Where data naturally maps to sums, codata naturally maps to
products. In an SML-like language, we can easily define the basic sum
type `a + b` in terms of the named-sum mechanism

    data a :+: b = InL a | InR b

but cannot do the same with products, as all constructors of a type
`T` must be of the form `a -> T` for some specific `a`—consequently,
we cannot define a product type using this named-sums mechanism unless
we already have a product type. (In Haskell, we can, because Haskell
allows its constructors to be curried, so a constructor of the form `a
* b -> T` can be curried to `a -> b -> T`, but let us restrict
ourselves to single-argument constructors for this discussion.)
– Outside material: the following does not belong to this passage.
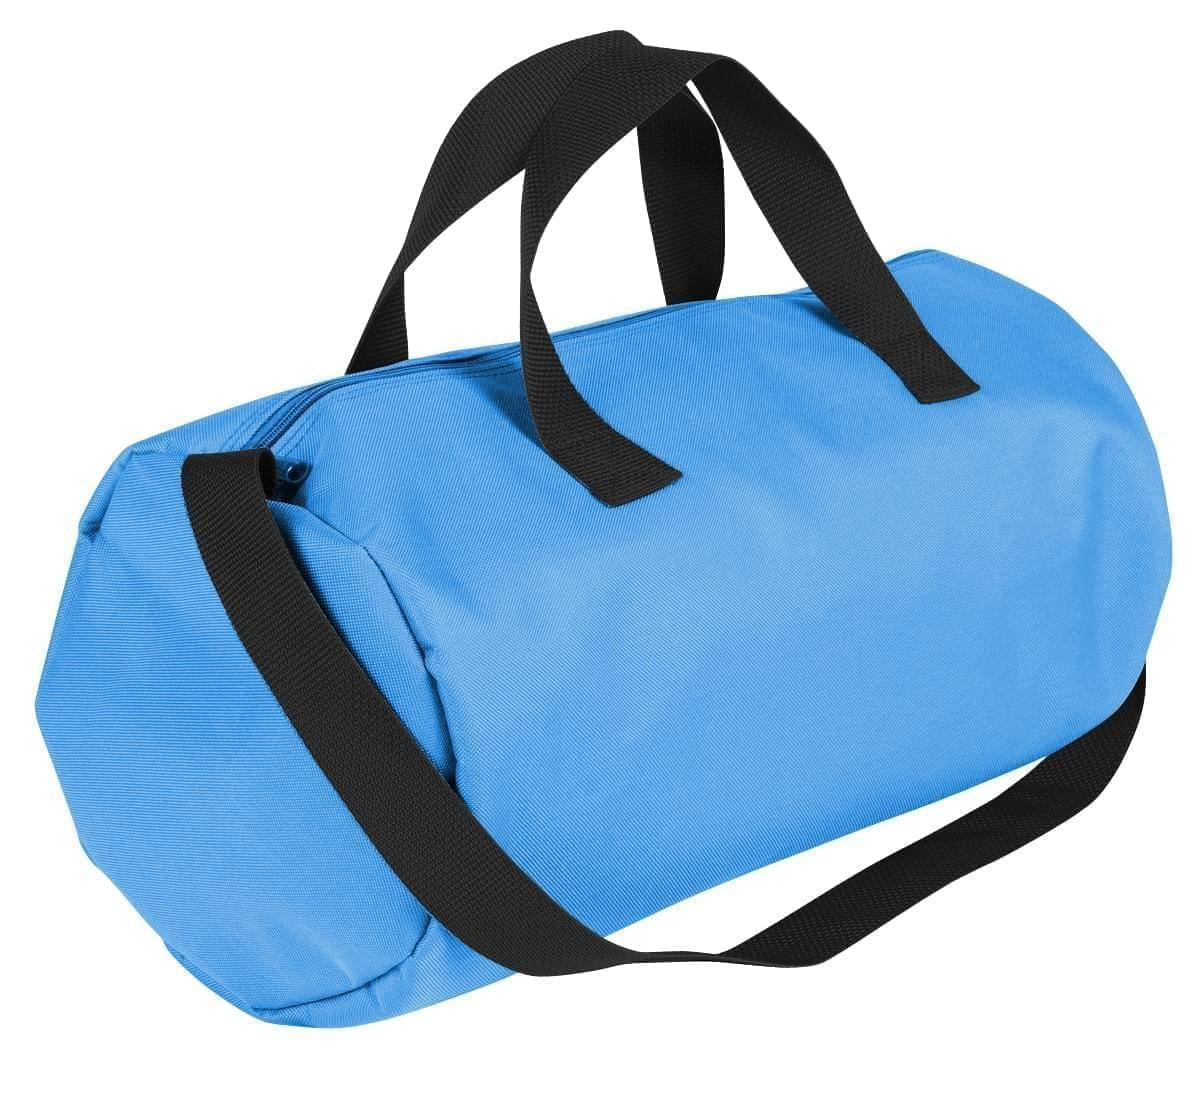 USA Made Nylon Poly Gym Roll Bags, Columbia-Black, ROCX31AAUR
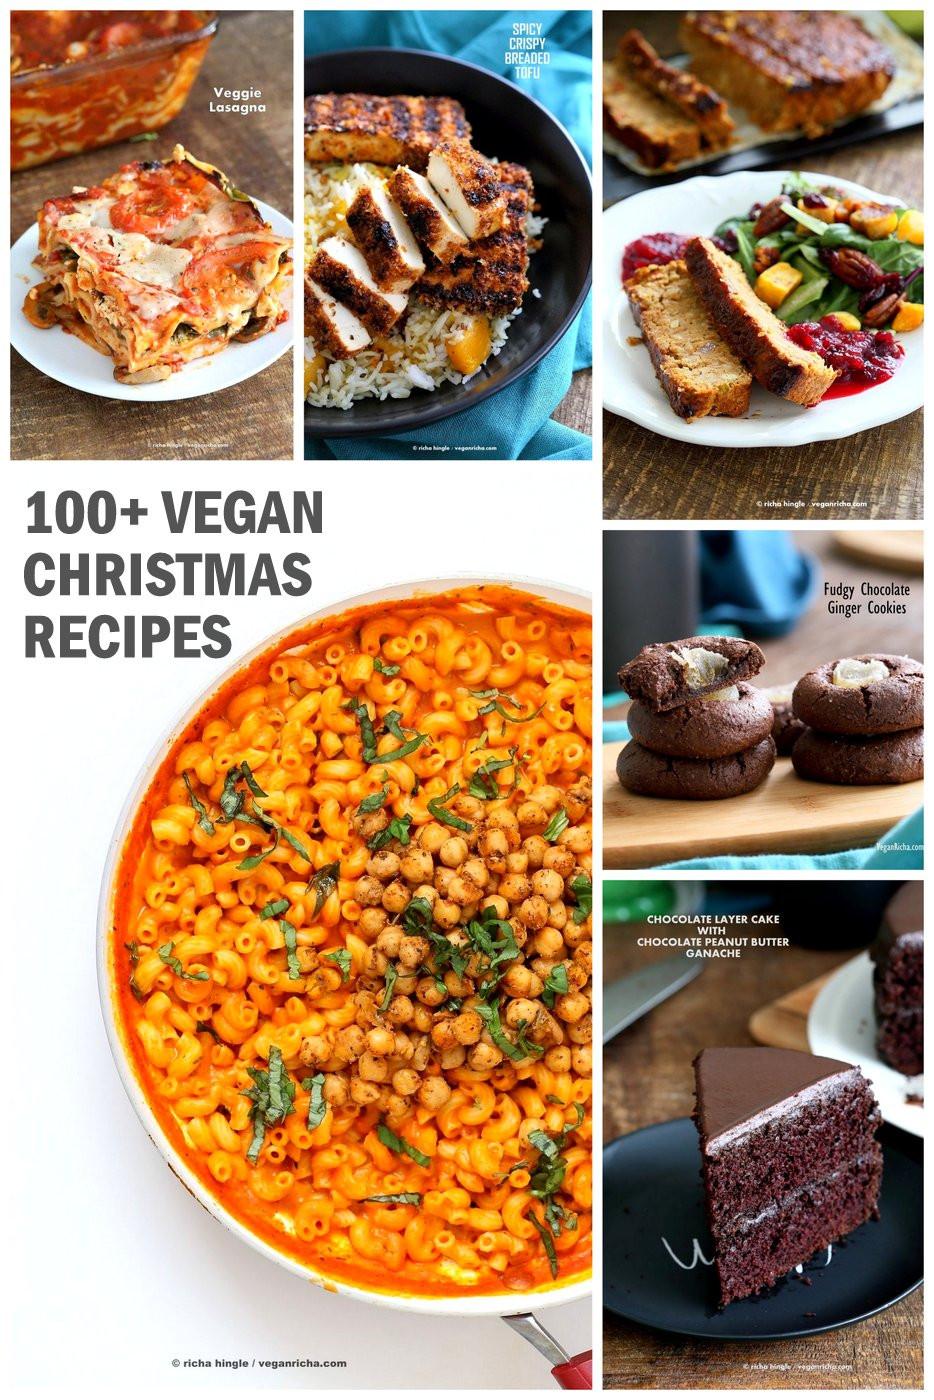 Vegan Christmas Recipes  100 Vegan Christmas Recipes Glutenfree options Vegan Richa

In a language with this `codata` mechanism, we could easily define that
product type in terms of its two destructors:

    codata a :*: b = Fst a & Snd b

In practice, it's often convenient to express codata as records and its
destructors as projection from those records. That means the `MyType'` example
above would look like

    codata MyType' = { MyInt' :: Int, MyBool' :: Bool }

    f' :: Int -> MyType'
    f' e = { MyInt' = e, MyBool' = if e == 1 then True else False }

    codata X' = { X' :: Int }
    i == { X' = i }.i

but while the syntax here is different, the semantics remain identical.

# Row Polymorphism

Note that each destructor here unambiguously identifies the type of the
codata is projects from—if we use `MyInt'`, then we are necessarily
looking at projecting from a value of type `MyType'`. This is very much
how Haskell records work, but people generally would prefer something
more parametric for records. One system for doing this is called _row
polymorphism_.

In a row-polymorphic record system, your accessors don't name a specific
type, but rather, _some record type for which that accessor holds_. That
means an accessor like `MyInt'` would have a type like

    MyInt' :: (MyInt' Int <~ r) => r -> Int

This means that we can write functions which are agnostic as to the rest
of the fields in the records, so long as they contain the fields we want:

    h :: (MyInt' Int <~ r, MyBool' Bool <~ r) => r -> Int
    h e = if e.MyBool' then e.MyInt' else 0

In the above function, we could supply a record like
`{ A = "foo", B = 7.7, MyBool' = True, MyInt' = 2 }` to `h` and everything
would be fine. Notice that we've dispensed entirely with the type `MyType'`.
This could, hypothetically, cause some usability problems with respect to
type inference: before, if had omitted the type declaration and misspelled
`MyInt'` as `MyItn'`, then our program would have immediately failed
to compile because no such accessor existed, but now, it's possible
for `h` to compile successfully and infer the incorrect type

    h :: (MyItn' Int <~ r, MyBool' Bool <~ r) => r -> Int

and either fail to compile because of a failure of inference elsewhere or
succeed with unintended semantics (e.g. if `g` is an exposed library
function that is not used elsewhere in the module.)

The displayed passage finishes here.